CFM5944 - Taxing loan relationships: gilts: adjusting indexed gilts for the RPI

Making the adjustment

For accounting periods starting on or after 1 January 2005, FA96/S94 requires that the amounts brought into account to calculate the RPI adjustment for index-linked gilts should be determined using fair value accounting.

References to an “authorised accruals basis” or an “authorised mark to market basis” refer only to the position prior to 1 January 2005.

FA96/S94 excludes any debits or credits so far as they relate to or include movement in the RPI from the company's tax computation. It does this by looking at

  • the value of the gilt at two different times
  • the change in RPI between those times.

The opening value of the gilt is increased or decreased by the percentage change in RPI. Any other changes in value, such as

  • issue discount or premium
  • market discount or premium

are reflected in the accounts as normal, with no adjustment.

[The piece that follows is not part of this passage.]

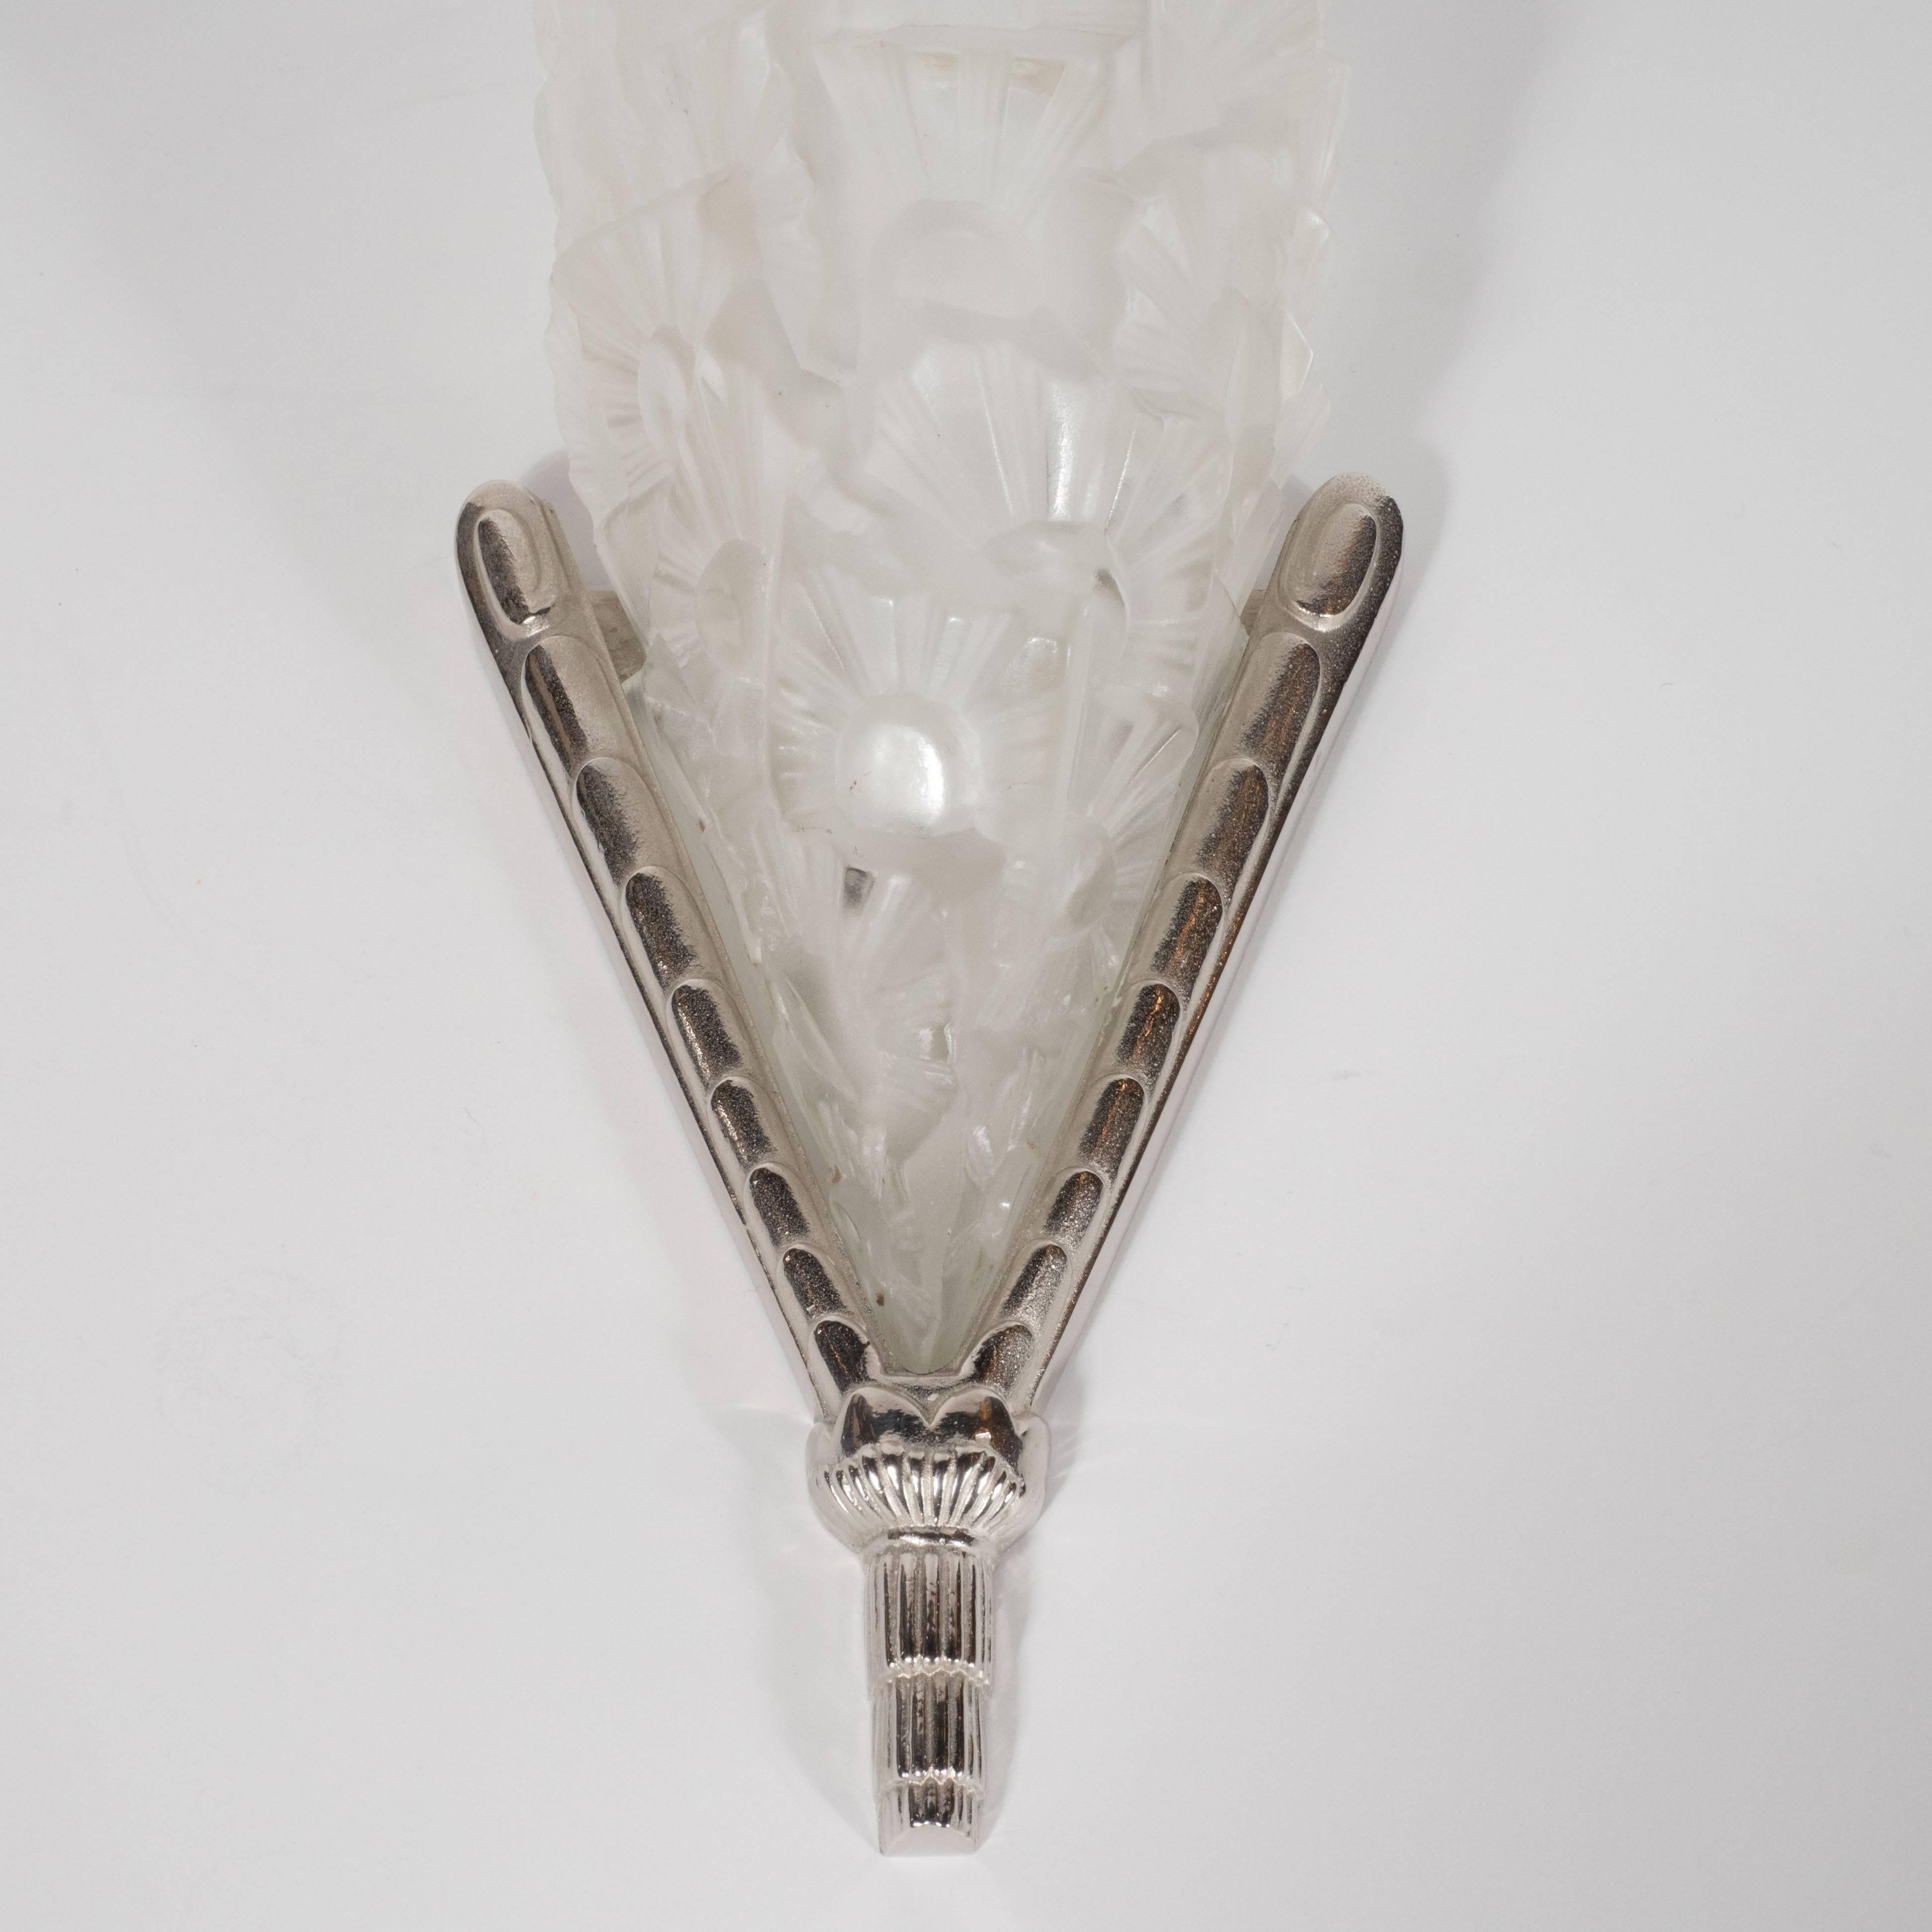 This stunning pair of sconces were produced by Degué, arguably the most illustrious glass making studio in France during this period, circa 1930. The fan style shades feature an abundance of raised, overlapping cubist forms that capture the dynamic

Mark to market – Prior to 1 January 2005

Prior to 1 January 2005 a company accounting for an indexed gilt on a mark to market basis was likely to be holding it on trading account. Where trading debits or credits arose prior to 1 January 2005, an adjustment under S94 was not required.

Prior to 1 January 2005 any non-trading credit from a rise in RPI would increase the opening fair value of the gilt by the same amount. A non-trading debit, from a fall in RPI, would reduce the opening fair value of the gilt.

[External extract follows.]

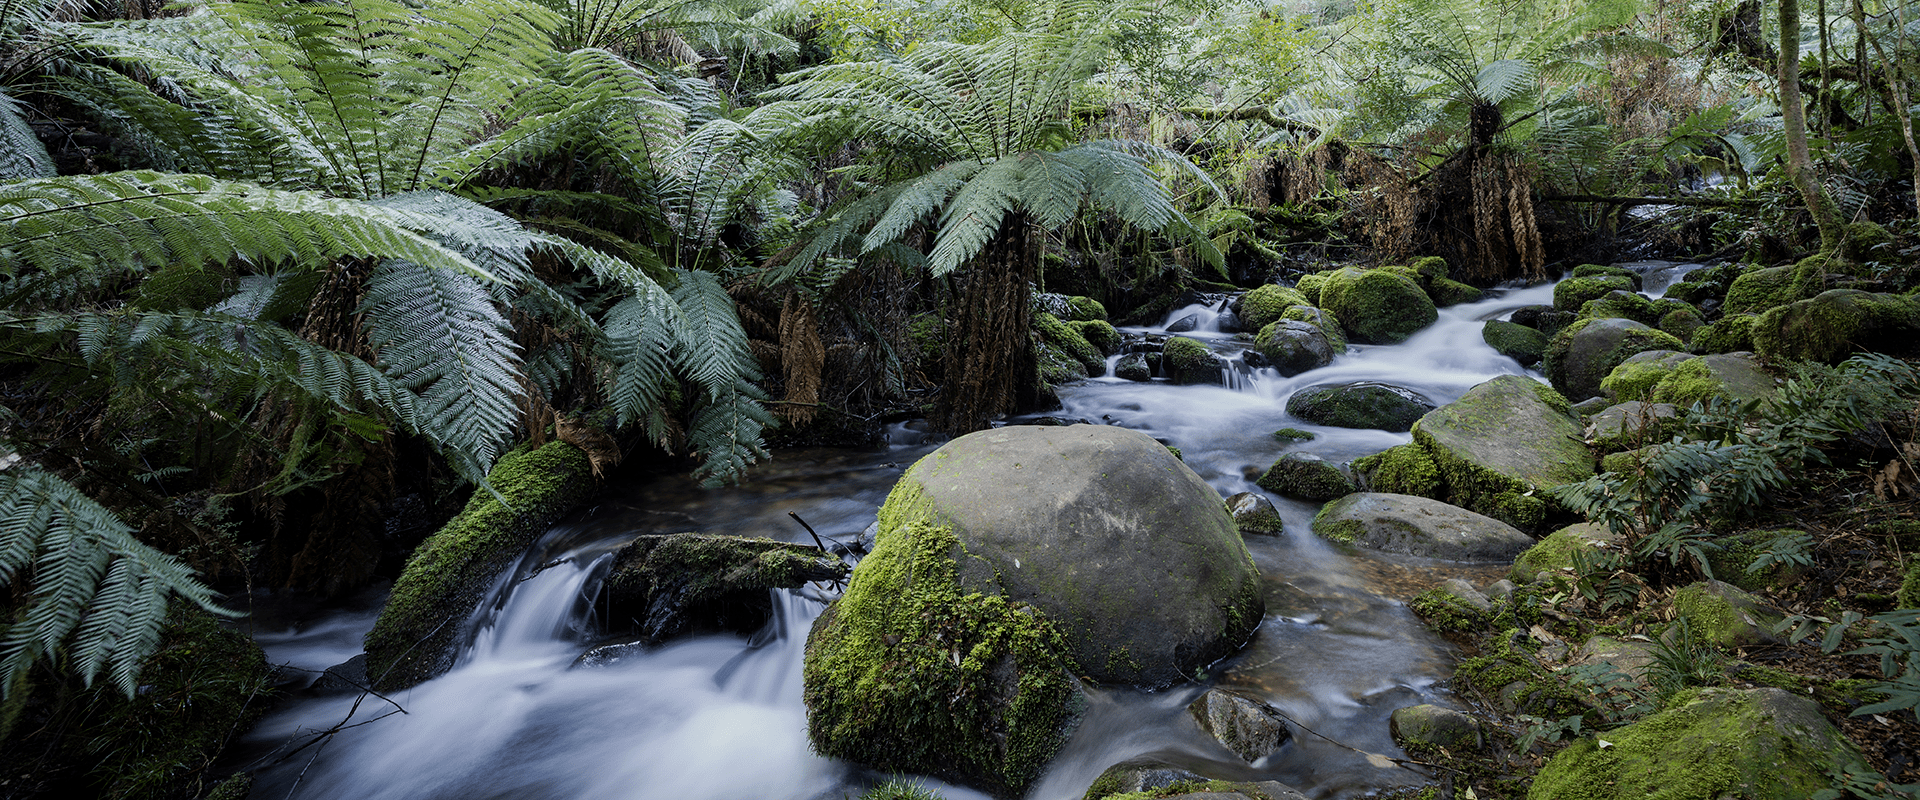 A mountain creek flows over moss covered rocks and boulders in a temperate rainforest, the creek is lined by tall tree ferns.

Accruals – Prior to 1 January 2005

Even though the redemption amount would not be known for certain until the redemption date, the authorised accruals method used prior to 1 January 2005 brought in the expected yield at each accounting date, based on the rise in RPI for the period.

The opening value of the gilt was increased or decreased, under S94, by the amount brought in for changes in the RPI.

See the example at CFM5944a relating to periods prior to 1 January 2005, where the only change in the value of the gilt is due to the RPI and the gilt is held for non-trade purposes. For an explanation of the adjustment where the gilt is brought in at a discount or premium see CTM57640.

Fair value – From 1 January 2005 onwards

Depending on its classification, changes in the fair value of an asset can either appear in the income statement (profit and loss account) or statement of changes in equity in the company accounts – see CFM16115+.

The adjustment to disregard the index-linked amount for periods from 1 January 2005 onwards is made to the fair value of the gilt. The fair value of the gilt will reflect current interest rates and accrued interest, as well as the index-linking.

The opening fair value of the gilt is increased or decreased, under S94, by the amount computed as relating to changes in the RPI over the period. The difference between the opening fair value adjusted for RPI under S94 and the closing fair value in the company accounts, is the amount taxed as the loan relationship credit (or relieved as the loan relationship debit). This amount will reflect all movements in the fair value of the gilt, other than those attributed to RPI movements.

The method of calculation of the S94 adjustment using fair value is the same as shown in the example at CFM5944a using the accruals basis, except the opening value of the gilt is the opening fair value as given in the company accounts.